My family makes jokes about how my DD is going to be in our bed when she's going off to college, or getting married







: I don't know whether to laugh at the absurdity or argue with them. She's just 13 months - she's not going to understand sleeping alone, and I'd be exhausted from getting up 4 times a night for her to nurse. I don't have a snappy comeback, but I just try to remember that I know I'm doing what's right for my DD and try not to let them get to me.


----------



## dawncayden (Jan 24, 2006)

'She sleeps like a baby' *smirk*
'I'll remember that when your old and in your bed and need me to come help you'
'Oh I could never do something so neglectful'
'Everyone wakes a couple times at night'
'I didn't have a baby to neglect them'
'I want her to know I will ALWAYS be there for her'


----------



## Twinklefae (Dec 13, 2006)

Quote:


Originally Posted by *dawncayden* 
'I'll remember that when your old and in your bed and need me to come help you'


I really like that one!


----------



## savienu (May 26, 2007)

Quote:


Originally Posted by *althara* 
In response to "How's she sleeping?" I would say "Like a baby." Let them take what they will from that statement.









I like that one. I'm stealing that!


----------



## Shaki (Mar 15, 2006)

Now that my DD is almost two we get these kinds of questions a lot less. I think the furor of the sleeping questions and opinions really calms down when your LO moves into toddlerhood. So try to remember that in a year or so you'll be fielding this question a lot less.

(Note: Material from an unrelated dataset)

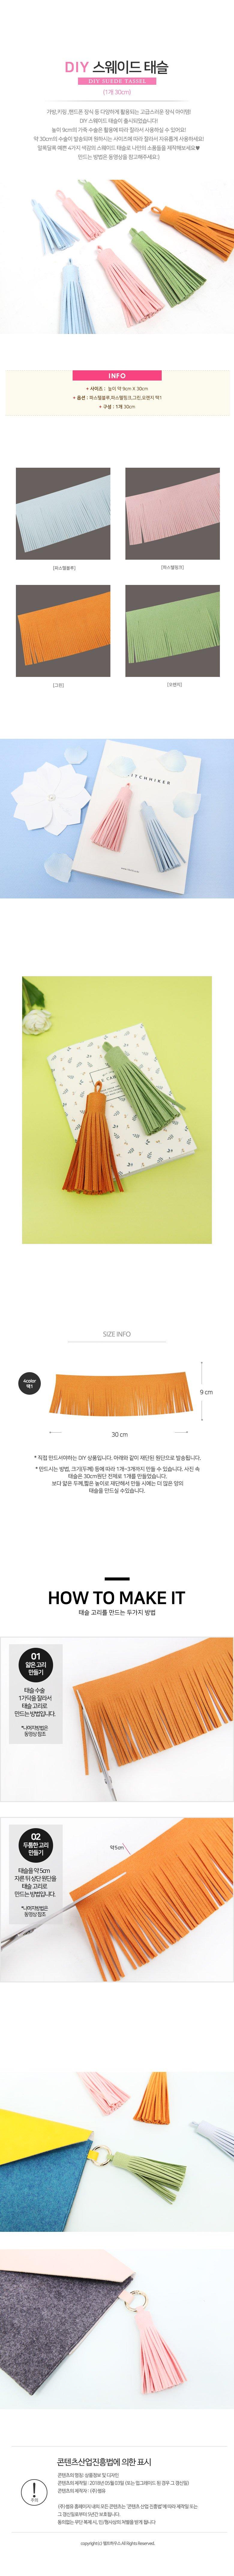 DIY 스웨이드 태슬 - 펠트하우스, 3,500원, 펠트공예, 장식/단추/라벨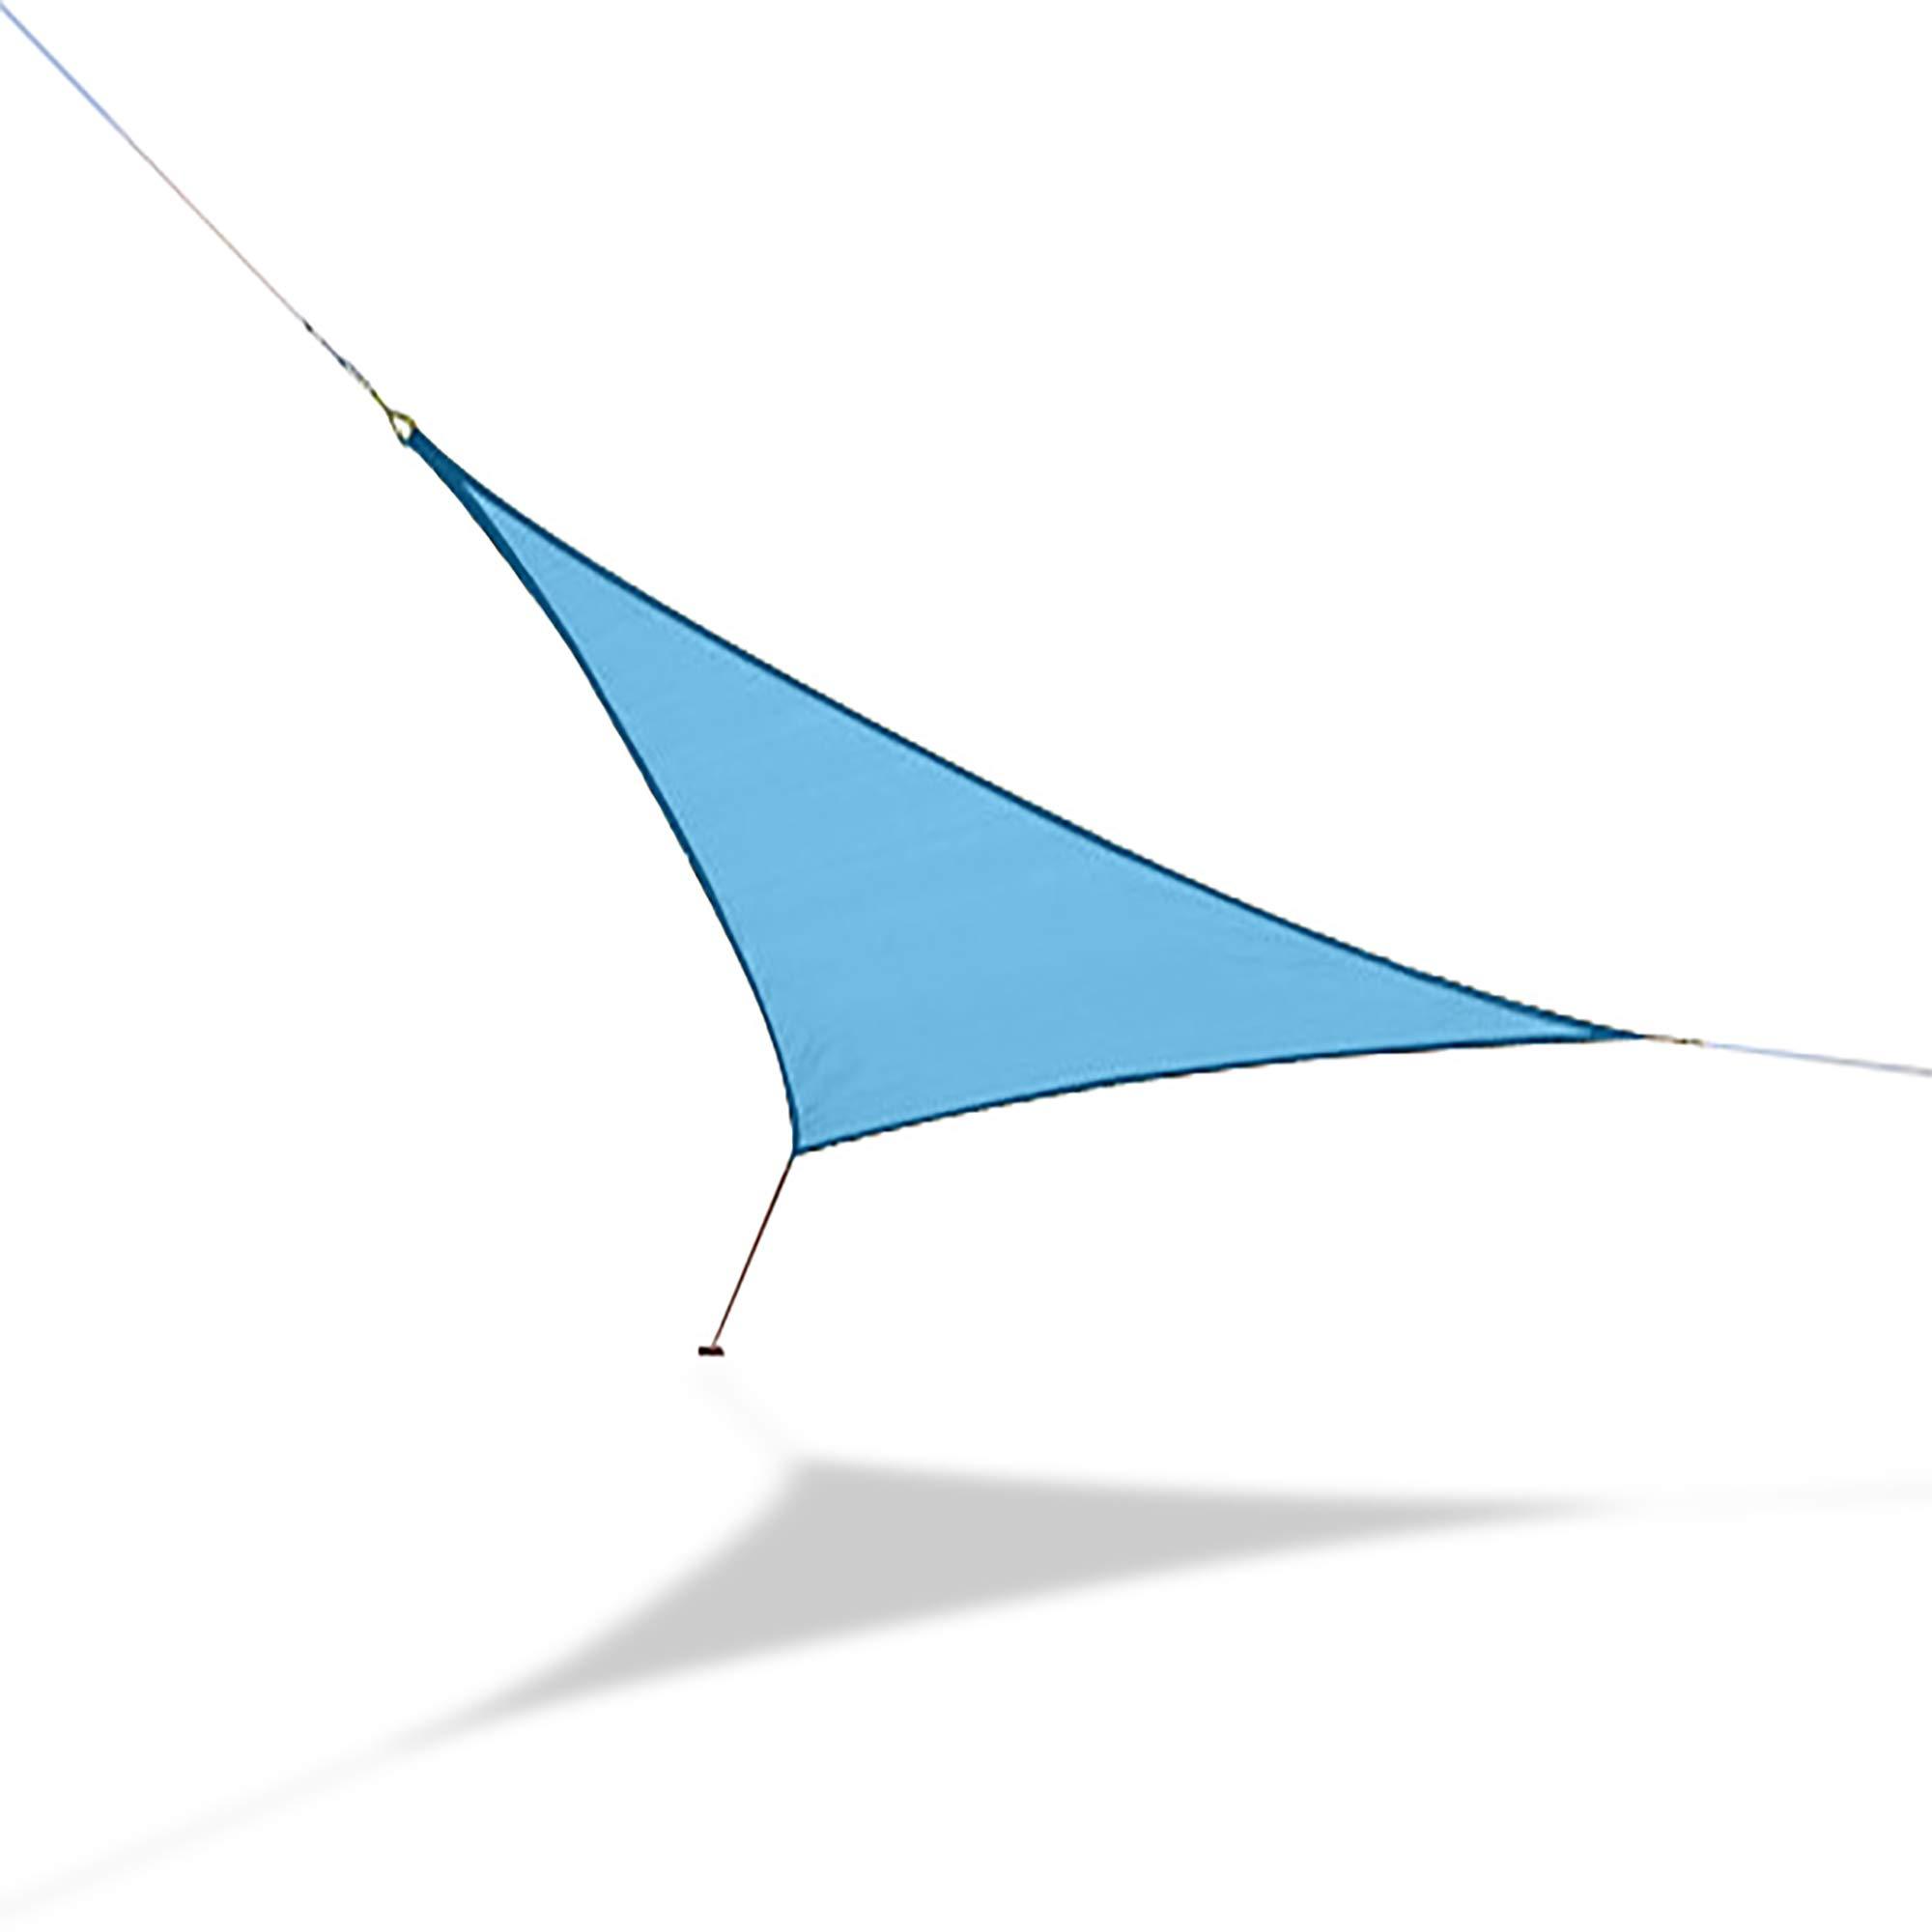 Hammaka Woven Backyard Triangle Sail Sun Shade (Medium, Turquoise Blue)

Also I think the less defensive and more self assured you are about the choices you're making the more comfortable those around you will be. Just be careful about lapsing into sounding judgemental or self-righteous yourself-- cause that makes people want to pick a fight







!

Over time I've found a gentle response like smiling and saying "co-sleeping (or cding, or extended nursing, or whatever it is) may not work for every family but it's been great for us," works well. Generally after I've said something like that the conversation moves on.


----------



## zeldabee (Aug 23, 2004)

Quote:


Originally Posted by *MommytoHHH* 
My family makes jokes about how my DD is going to be in our bed when she's going off to college, or getting married







: I don't know whether to laugh at the absurdity or argue with them.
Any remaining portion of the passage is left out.